Northwestern U. Picks JVC Monitors for Video Wall


Northwestern University has created a video wall display that visualizes detailed scientific data using 25 JVC Professional Products Company GD-463D10U 46-inch 3D LCD HD monitors.

The 5x5 video wall, which can provide presentations for up to 35 people, is located in the lobby of Northwestern’s Silverman Hall for Molecular Therapeutics and Diagnostics, which was built for the Chemistry of Life Processes Institute and opened last year.

Tom Meade, professor and director of the Center for Advanced Molecular Imaging (CAMI) research facility within the institute, said the video wall is an integral part of the center’s mission to acquire, visualize, and interpret data from magnetic resonance imaging (MRI), fluorescence and bioluminescence imaging, and other technologies within a single facility. The ability to display such large amounts of information (a technique known as volume rendering) in high detail allows scientists to observe and interpret data they would have never seen otherwise, Meade added.

Matt McCrory, Northwestern’s lead visualization engineer, said a projector-based system was not an option due to space restrictions, and the original plan to create a high-resolution tile display did not include 3D. However, after testing a single 3D display with volume rendering software, 3D was found to benefit CAMI’s advanced visualization efforts, according to McCrory.

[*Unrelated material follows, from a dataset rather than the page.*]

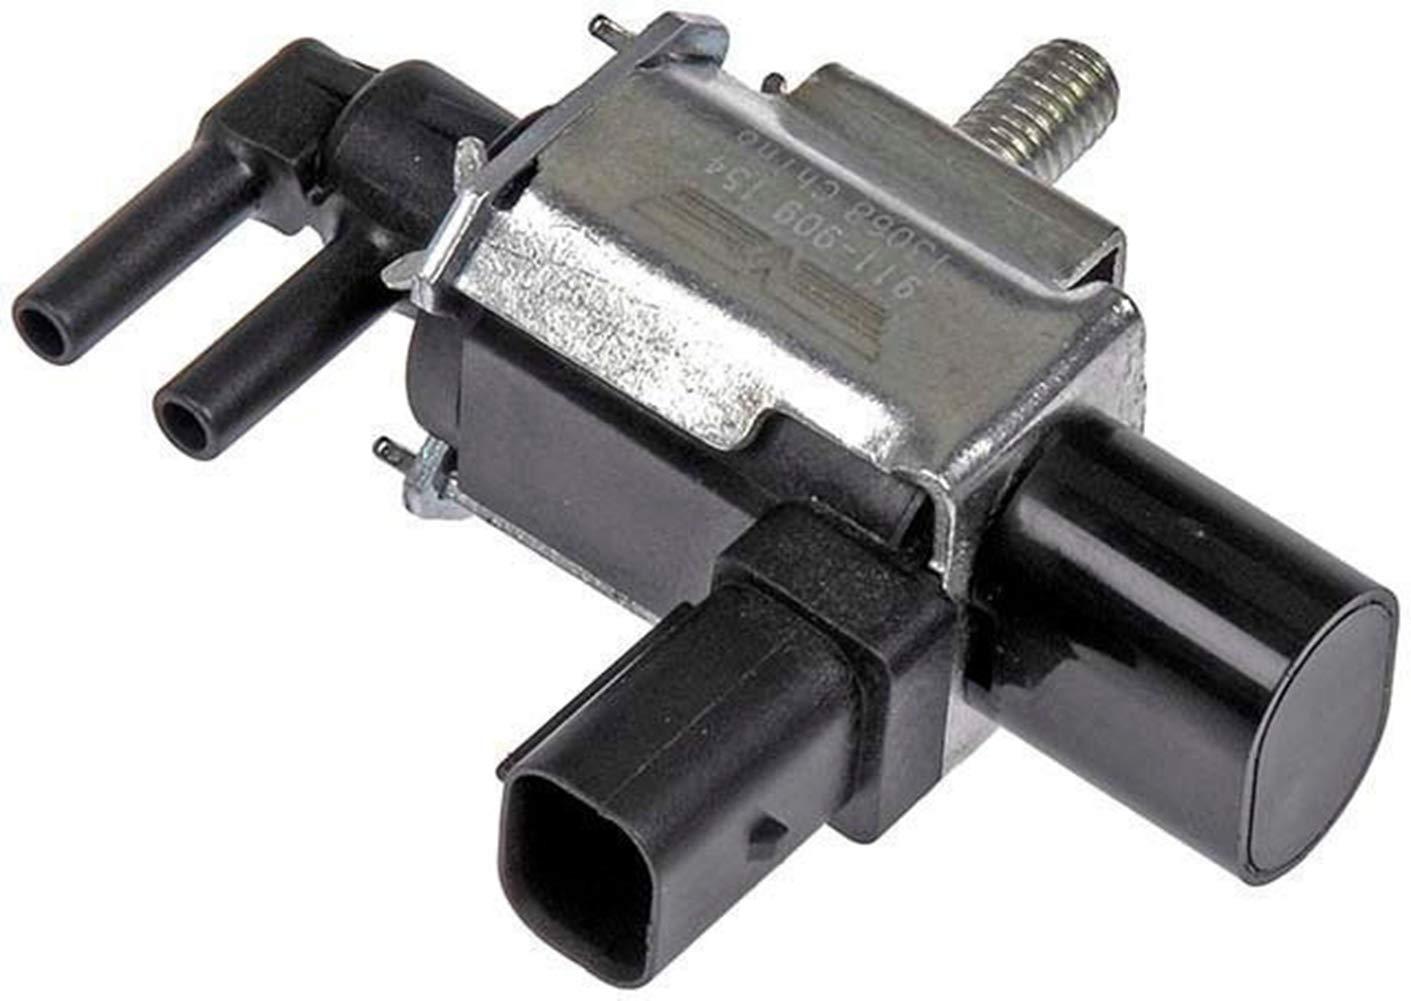 LF15-18-741 For Mazda 3 5 6 CX-7 2.0L 2.5L 2.3L Bernard Bertha Intake Manifold Runner Control Valve 911-909//911909

The video wall displays close to 52 megapixels and is driven by a system of NVIDIA Quadro Plex graphics cards, which are powered by a cluster of Linux-based computers and managed through Equalizer middleware. With help from Northwestern University’s Academic and Research Technology Department, McCrory plans to develop a suite of iPad applications that will allow scientists and other presenters to easily adjust the data displayed on the JVC monitors.

“The JVC is a very bright, very vivid display. So far, they’ve been performing really well,” said McCrory. “It’s hard to even imagine there being a better monitor right now for this kind of application.”